Friday, November 03, 2006

Protest against human rights abuses

A friend sent me a mail asking as many people as possible to sign in to a particular website (http://www.rsf.org) during certain time windows, to protest human rights abuses in countries with documented records of such abuses. The website in question supposedly belonged to a worldwide coalition of journalists. Their rationale for inviting visitors to click on at their site was to collect electronic signatures in a kind of virtual petition to the regimes of the offending countries.

Now, I know this is an utterly defeatist attitude, especially coming from someone who's going to build a career in public health, which by definition means working against hopeless odds.... but I have serious doubts about the efficacy of gestures like the kind of campaign these journos suggested.

Regimes who use torture as State policy, and execute their own citizens in football stadia, are unlikely to pay attention to a bunch of bleeding heart idiots clicking on internet buttons. And they sure as hell aren't going to feel any "moral pressure".

Shashi Tharoor, in one of his books, argued that Gandhian non-violence as a pressure tactic could work only against an establishment that was vulnerable to "moral" issues, and took international opinion into consideration. Hence, while by using satyagraha as a tool of resistance, Gandhi managed to drive the British Empire out of India, the same tactics wouldn't have done much for Jews in nazi Germany.
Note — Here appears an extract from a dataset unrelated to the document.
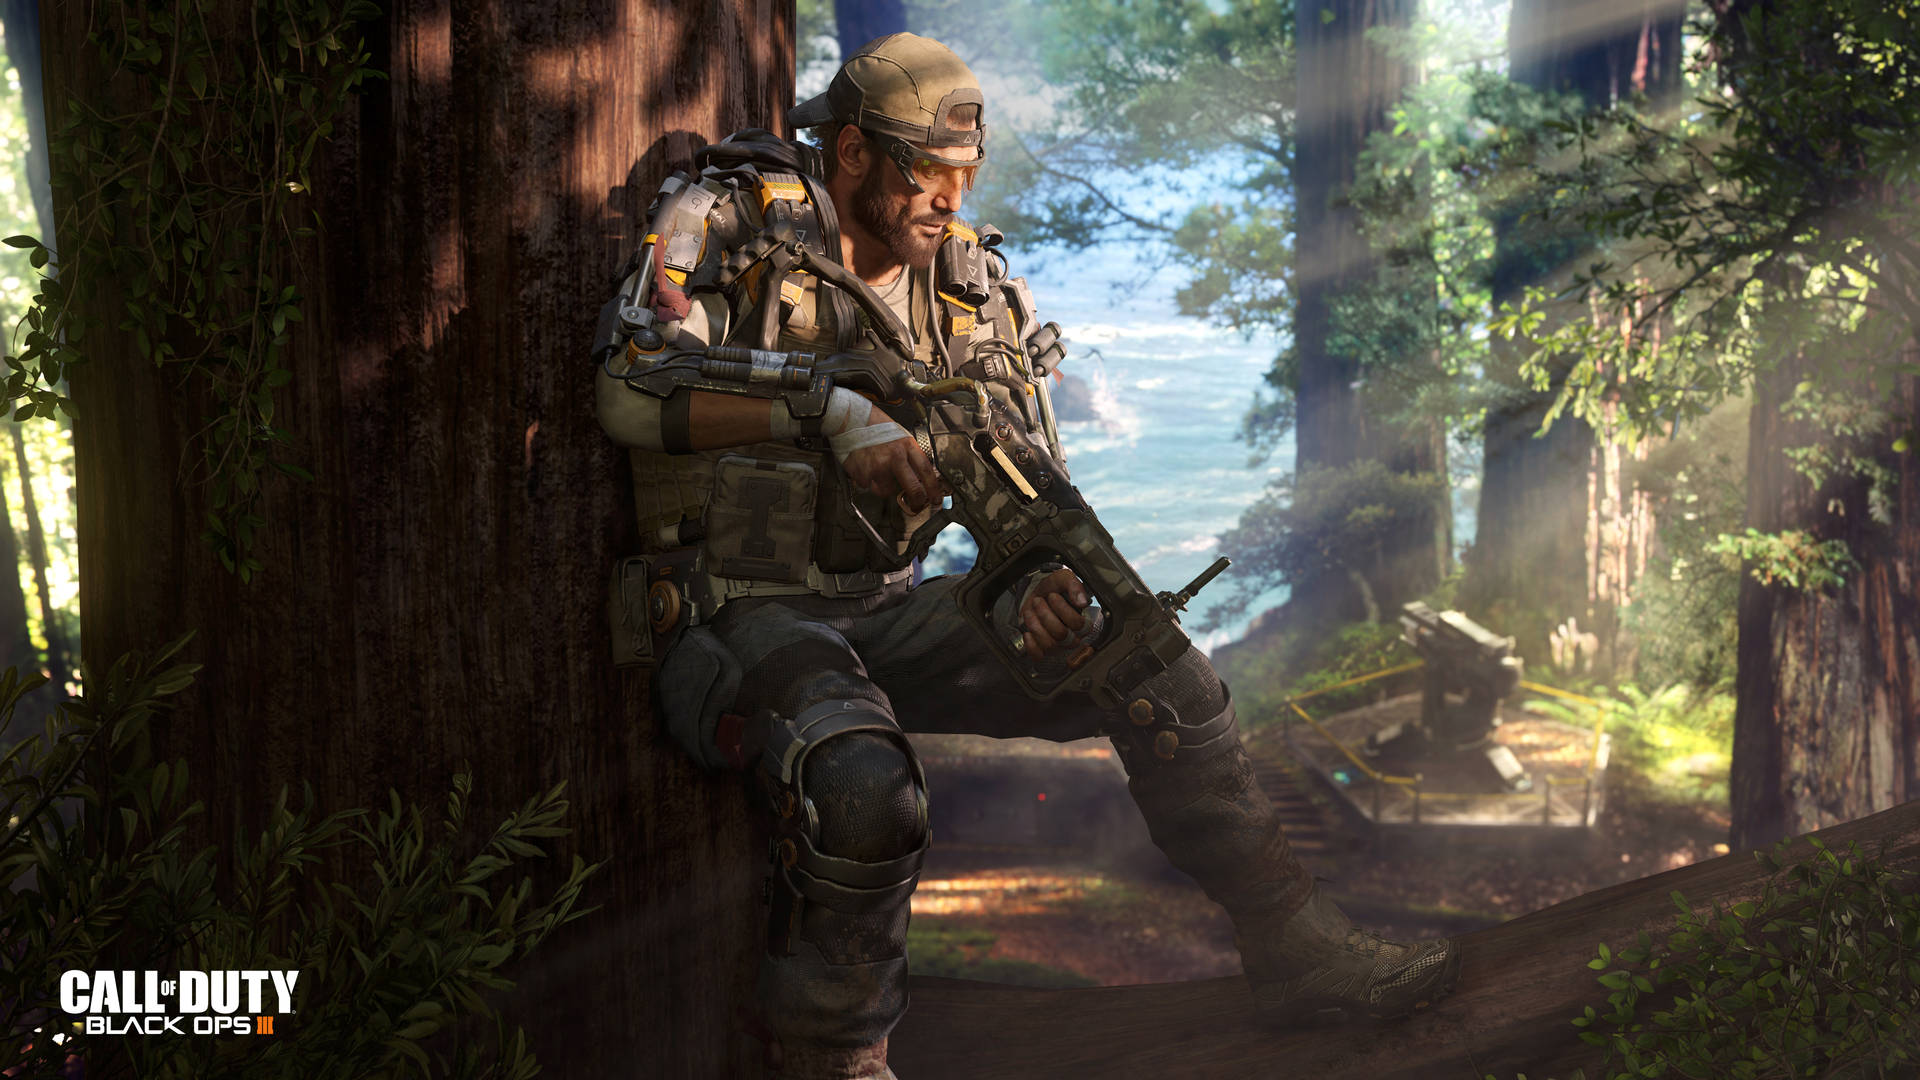 Utmanövrera,spela Ut Och Överlev I Call Of Duty Black Ops 3 På Din Datorskärm Eller Mobila Bakgrundsbild. Wallpaper

And lastly, when the West- the so-called paragon of human rights and democracy, refuses to take its citizens' feelings into consideration while making a profoundly immoral decision (Bush and Blair ignored the largest street protests in the history of mankind to go ahead and invade Iraq), does anyone actually expect banana republics to toe the line because a group of educated liberals spread out all over the world click on internet buttons from their comfortable living rooms?

I think not.

2 comments:

Anonymous said...

Yes I agree it is a defeatist attitude - particularlycoming from a young person. This is the same kind of attitude that drives the creme de la creme of our country pack up and settle down in the west - "oh the politicans, the bureaucracy, nothing works."
When Gandhi proposed the Satyagraha I am sure ithere were many who wondered if he was under the influence of some hallucinogens - "Make peace, Not War" kind of ideaological trip. But he was a far better strategist than that. Believe me if he was heading the Jews he might have found some peaceful way to unnerve Hitler and the nazis too.
All said and done today no country, however totalitarian, can ignore global sentiments today. So it is a good thing to voice protest over something bad happening in these pockets. There are a whole lot of people from these countries living in freer countries who could organise themselves against these and bring about a change. Who knows some of them could go back and organise people to bring about a change. This is to tell them that they can count on the support of people around the world.Second and more important is that it is a warning for those countries which may try something similar in their countries - so people in these countries protest this as a fundamental right violation.

The problem with cynics is they wont even try - they defeat the cause even before it has begun. Cynics are bad in any form but in the form of educated, young they are the worst!
Come get up from that warm bed and click that site on NOv 7th. it doesn't take much and who knows something might actually change!

A.R.Malik said...

The ooooooool' debate- cynicism vs empty idealistic gestures?